In embodiments, the sulfonated polymer is a sulfonated polyamide, e.g., aliphatic polyamides such nylon-6 and nylon-6,6, partially aromatic polyamides and polyarylamides such as poly(phenyldiamidoterephthalate), provided with sulfonate groups chemically bonded as amine pendant groups to nitrogen atoms in the polymer backbone. The sulfonated polyamide can have a sulfonation level of 20 to up to 100% of the amide group, with the sulfonation throughout the bulk of the polyamide. In embodiments, the sulfonation is limited to a high density of sulfonate groups at the surface, e.g., >10%, >20%, >30%, or >40%, or up to 100% of the sulfonated amide group at the surface (within 50 nm of the surface).
In embodiments, the sulfonated polymer is a sulfonated polyolefin, containing at least 0.1 meq, or >2 meq, or >3 meq, or >5 meq, or 0.1 to 6 meq of sulfonic acid per gram of polyolefin. In embodiments, the sulfonated polymer is a sulfonated polyethylene. The sulfonated polyolefin can be formed by chlorosulfonation of a solid polyolefin obtained by polymerization of an olefin, or a mixture of olefins selected from a group consisting of ethylene, propylene, butene-1,4-methylpentene-1, isobutylene, and styrene. The sulfonyl chloride groups can then be hydrolyzed, for example, in an aqueous base such as potassium hydroxide or in a water dimethylsulfoxide (DMF) mixture to form sulfonic acid groups. In embodiment, the sulfonated polyolefin is formed by submerging or passing polyolefin object in any form of powder, fiber, yarn, woven fabric, a film, a preform, etc., through a liquid containing sulfur trioxide (SO3), a sulfur trioxide precursor (e.g., chlorosulfonic acid, HSO3Cl), sulfur dioxide (SO2), or a mixture thereof. In other embodiments, the polyolefin object is brought into contact with a sulfonating gas, e.g., SO2or SO3, or gaseous reactive precursor, or a sulfonation additive that evolves a gas SOx (x=1-4) at elevated temperature.
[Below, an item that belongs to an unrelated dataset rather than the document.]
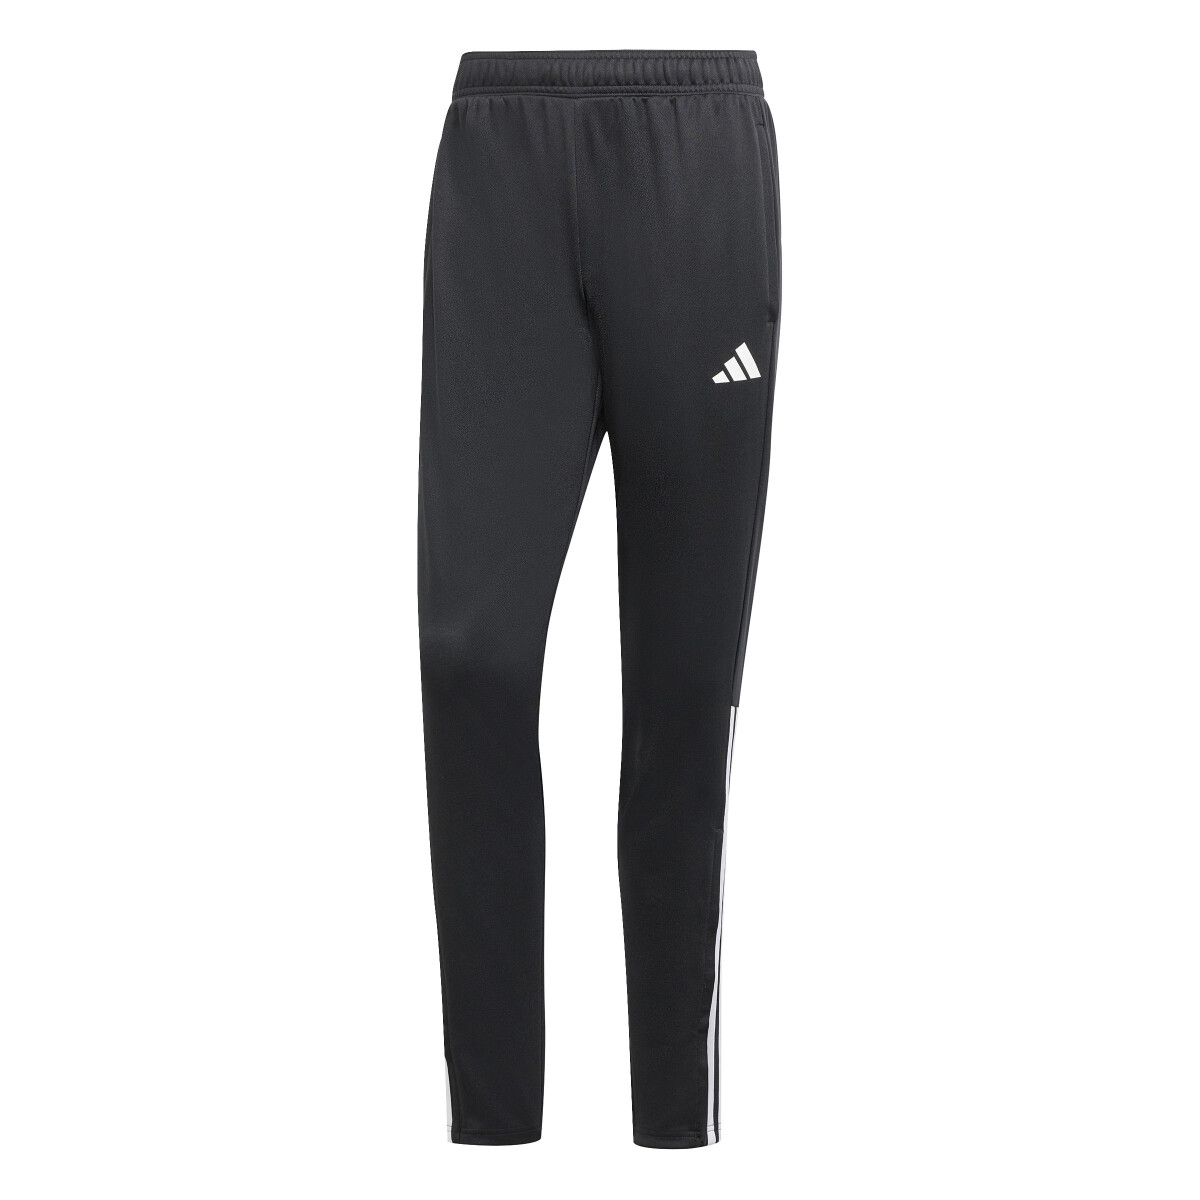 Pantalon Sereno Cut 3 Adidas - Negro/Blanco

The polyolefin precursor to be sulfonated can be, for example, a poly-α-olefin, such as polyethylene, polypropylene, polybutylene, polyisobutylene, ethylene propylene rubber, or a chlorinated polyolefin (e.g., polyvinylchloride, or PVC), or a polydiene, such as polybutadiene (e.g., poly-1,3-butadiene or poly-1,2-butadiene), polyisoprene, dicyclopentadiene, ethylidene norbornene, or vinyl norbornene, or a homogeneous or heterogeneous composite thereof, or a copolymer thereof (e.g., EPDM rubber, i.e., ethylene propylene diene monomer). In embodiments, the polyolefin is selected from low density polyethylene (LDPE), linear low-density polyethylene (LLDPE), very low-density polyethylene (VLDPE), high density polyethylene (HDPE), medium density polyethylene (MDPE), high molecular weight polyethylene (HMWPE), and ultra-high molecular weight polyethylene (UHMWPE).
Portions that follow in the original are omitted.